Within the Ascomycota, we found that Epicoccum sp., Fusarium sp., Ilyonectria sp. (syn. Cylindrocarpon) and Plectosphaerella sp. were substantially more abundant in legume than grass soils. Species of Epicoccum have been shown to form phenolic substances from non-aromatic compounds, which either accumulate as recalcitrant ‘humic acid’ polymers in soils (Filip et al. 1972, 1974) or act as antifungal and antibacterial compounds (Brown et al. 1987; Dzoyem et al. 2017). Fusarium sp. and Ilyonectria sp. have been described as plant pathogens (McGee and Kellock 1974) often associated with legumes (Brown et al. 1987; Zahid et al. 2001; Benitez et al. 2016). Plectosphaerella sp. has also been described as a plant pathogen (Domsch and Gams 1969).

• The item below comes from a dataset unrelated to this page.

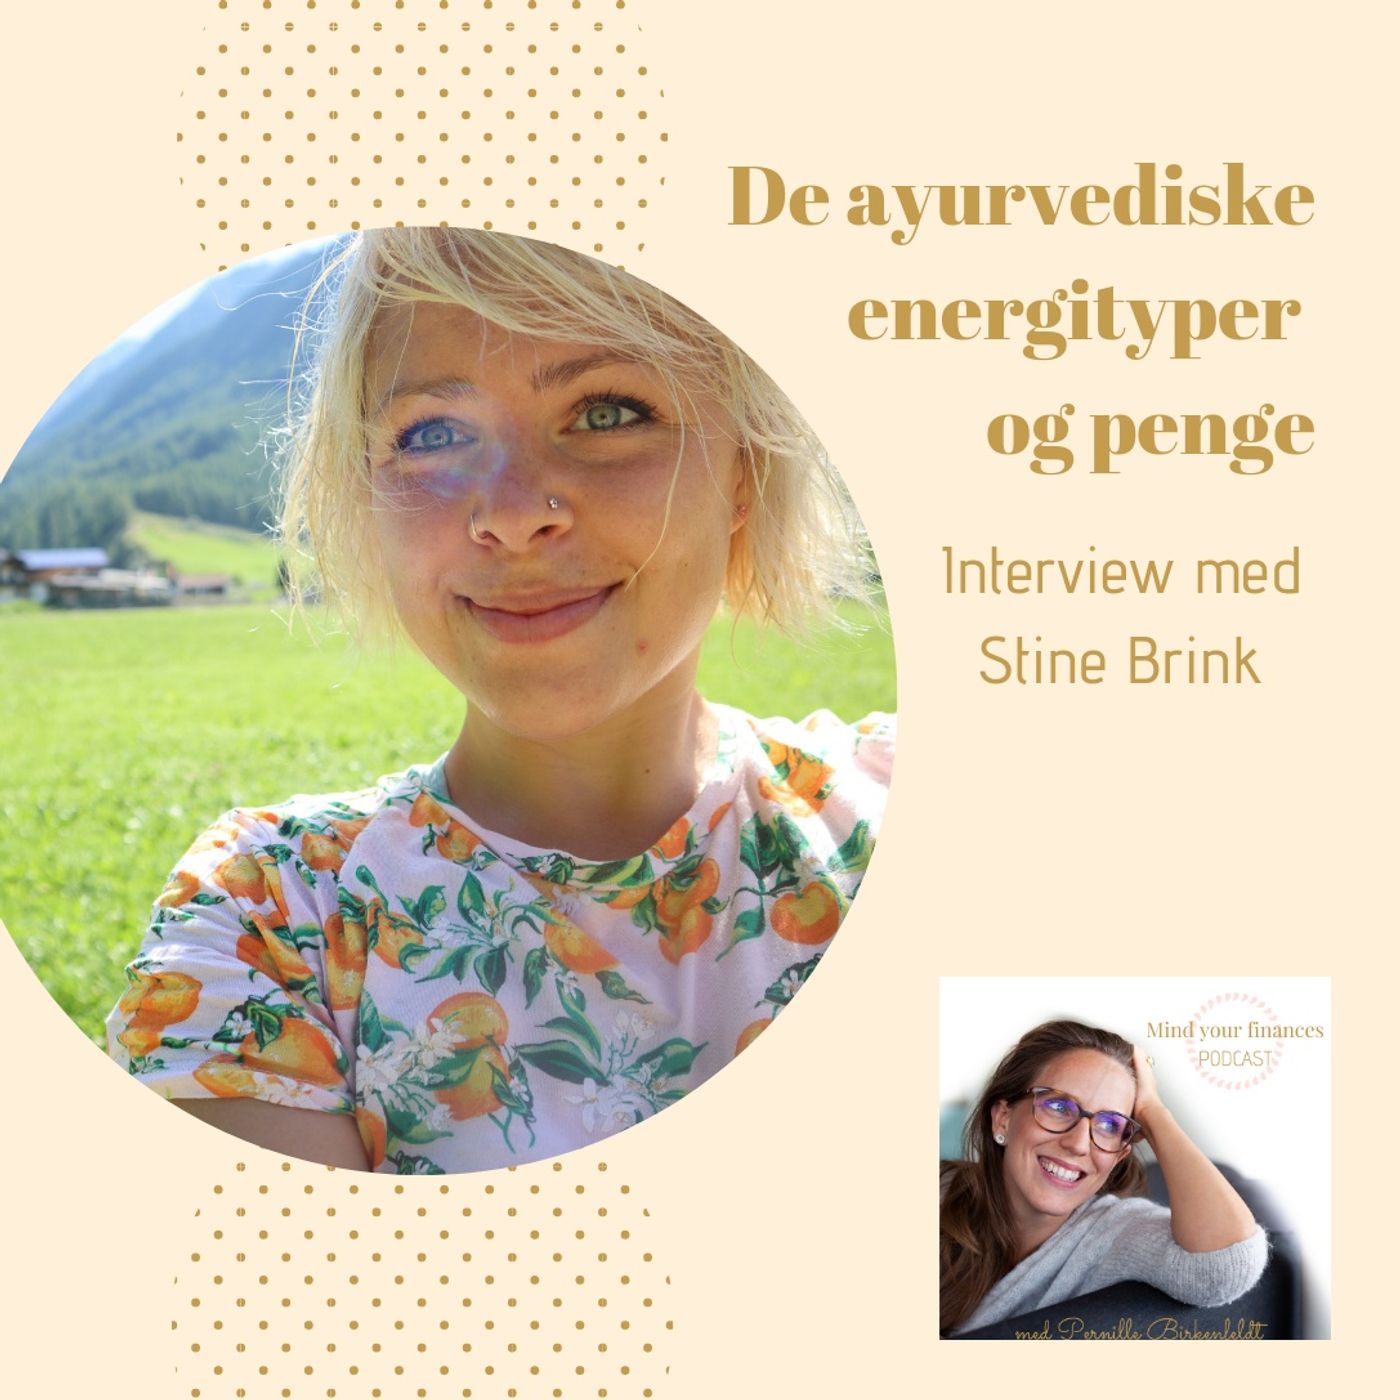 De ayurvediske energityper og penge - interview med Stine Brink

These fungi have been shown to have high pectinase activity (Domsch and Gams 1969) and their high abundance in legume soils might reflect the differences in grass versus dicot cell wall composition, whereby dicot primary cell walls contain up to 7-fold higher levels of pectin (Vogel 2008). In contrast to the above genera, Crucellisporium sp., Leohumicola sp., Chaetomium sp. and Phaeosphaeriopsis sp. were more abundant in grass soils than legume soils, and all of these have been described as endophytic fungi (Sánchez Márquez et al. 2010; Takashima et al. 2014), but very little is known about their metabolism. The abundance of Pestalotiopsis sp., Monographella sp. and Anthostomella sp. was also high in grass soils (data not shown); these genera contain members capable of decomposing lignin (Osono 2007).

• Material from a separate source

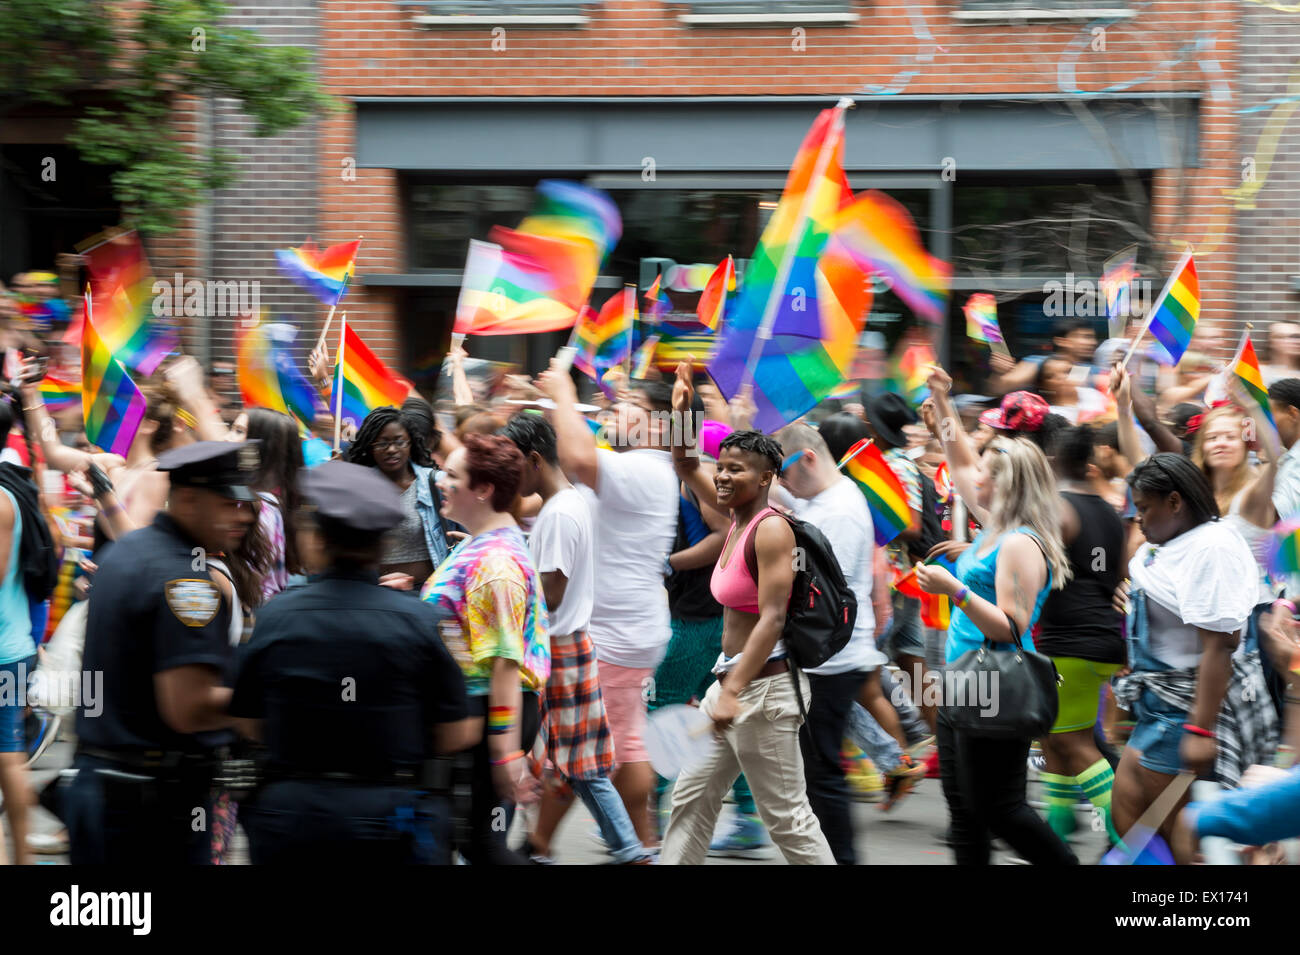 La VILLE DE NEW YORK, USA - 28 juin 2015 : lors de l'Assemblée célébrants gay pride parade des drapeaux arc-en-ciel vague comme ils passent de la police. Banque D'Images

We also found that the lignin-decomposing fungi in Basidiomycota were more abundant in grass soils. Within the Basidiomycota, several fungal classes (Mycenaceae, Ceratobasidiaceae, Polyporaceae) belonging to the Agaricomycetes were highly represented in soils under grasses compared with those under legumes. Mycenaceae and Polyporaceae are major fungal classes known to contain a large number of ligninolytic white-rot fungal genera (Osono 2007, 2010; Morgenstern et al. 2008; Floudas et al. 2012; Barrasa et al. 2014; Oliveira et al. 2020; Atiwesh et al. 2022). In this study, the most abundant genus, Mycena, was almost absent in soils under white clover and significantly lower in abundance in soils under bird’s-foot trefoil, whereas Polyporus sp. was most abundant in ryegrass soils under high N fertilisation and least abundant in white clover soils. Both of these genera are white-rot fungi able to degrade lignin, a plant cell-wall phenolic polymer of complex structure that is recalcitrant to decomposition by most organisms, and which forms a protective shield around cellulose (Osono 2007; Dungait et al. 2012). These ligninolytic fungi excrete a special set of enzymes: manganese, versatile peroxidases and laccases (Osono 2007; Morgenstern et al. 2008; Floudas et al. 2012). Most studies on white-rot fungi have focused on wood decay; only little is known about lignin degradation in grasses (Osono 2010; Suhara et al. 2012; Nuchdang et al. 2015; Shirkavand et al. 2016; Oliveira et al. 2020; Atiwesh et al. 2022). Cell walls of grasses differ significantly from those of dicots (such as legumes) in that they have a higher lignin content and especially high levels of ferulic and p-coumaric acid, which crosslink lignin to cellulose, thereby preventing access for microbes to cellulose and other cell wall carbohydrates (Carpita 1996; Grabber et al. 2004; Vogel 2008; Oliveira et al. 2020; Atiwesh et al. 2022). Our results showing a very high abundance of white-rot fungi in grass soils most probably reflect the differences between grasses and legumes, indicating that the chemical composition of plant cell walls that differs between grasses and legumes might be the main driver of shifts in these communities. Qu et al. (2016) also found that plant species composition was the key factor influencing the variability of microbial composition within soils.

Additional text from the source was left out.